Resource Library

Religious Discernment as a Philanthropic Exercise


Resource from Insights Newsletter
Resource Library

Religious Discernment as a Philanthropic Exercise

Interview

In much of our work here at Lake Institute on Faith & Giving, we explore religion as a recipient of charitable dollars. We teach fundraising strategies for religious organizations, and we research the different ways that religious professionals understand their own work. But there’s more to our understanding of religious giving. It includes research and insight into religion as a motivation for all kinds of charitable gifts to all kinds of individuals and organizations. One of the leading experts on religious motivations of philanthropy is Dr. Paul Schervish, Professor Emeritus of Sociology and a retired Director of Boston College’s Center on Wealth and Philanthropy. He also gave the Lake Lecture in 2008. Last week, we had the opportunity to sit down with Dr. Schervish and talk to him about how understanding the spirituality of both giving and receiving can enhance the study of philanthropy.

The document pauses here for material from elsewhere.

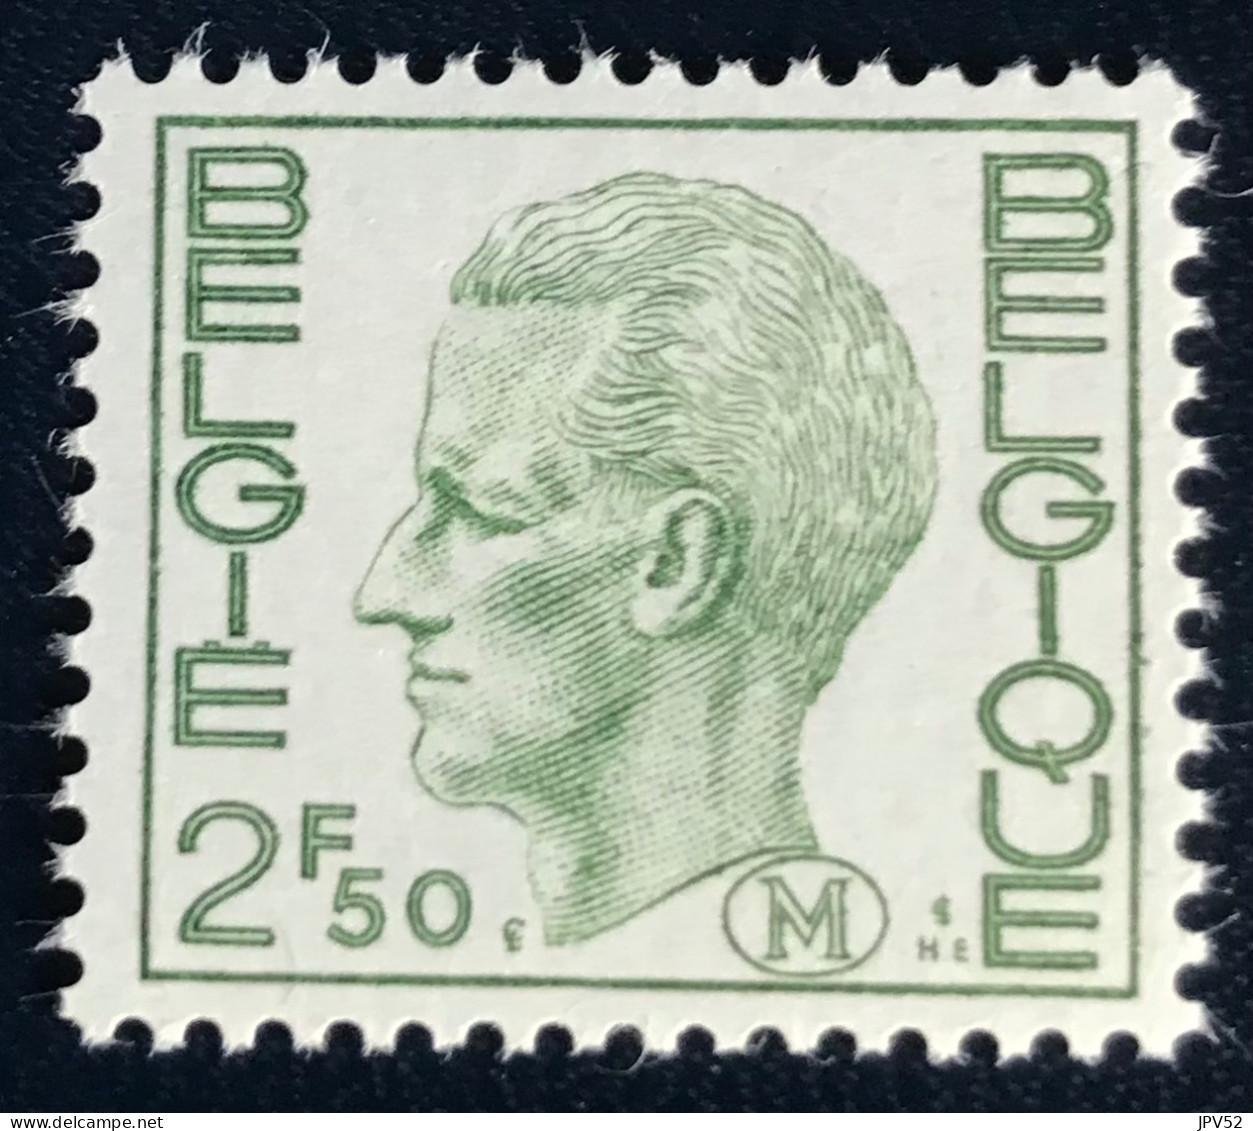 België - Belgique - C18/40 - 1972 - MNH - Michel 3 - Militair - Koning Boudewijn - Briefmarken [M]

Lake Institute: Often our work focuses on institutional data about giving to religion, but your work has helped expand the broader definition to include motivations to give. How, then, would you define religious giving?

Dr. Paul Schervish: Motivations are certainly an important piece of how we define religious giving because too often, we focus only on what we can measure: dollars donated, demographics reached, grants received. What we forget to reflect on instead is much more fundamental. Philanthropy, for many of us, is about our religious discernment. What truly motivates us to give – beyond just being asked or hearing about an organization – is a deeper inspiration to support a larger goal. If we don’t help donors through that discernment process, then we’re missing an opportunity to form a deeper connection. We’re training ourselves to simply tell others what to do – who to support and why – instead of supporting them through their own experience of the joy of God. When we do that, we’re doing more than raising funds; we’re helping people become their best self.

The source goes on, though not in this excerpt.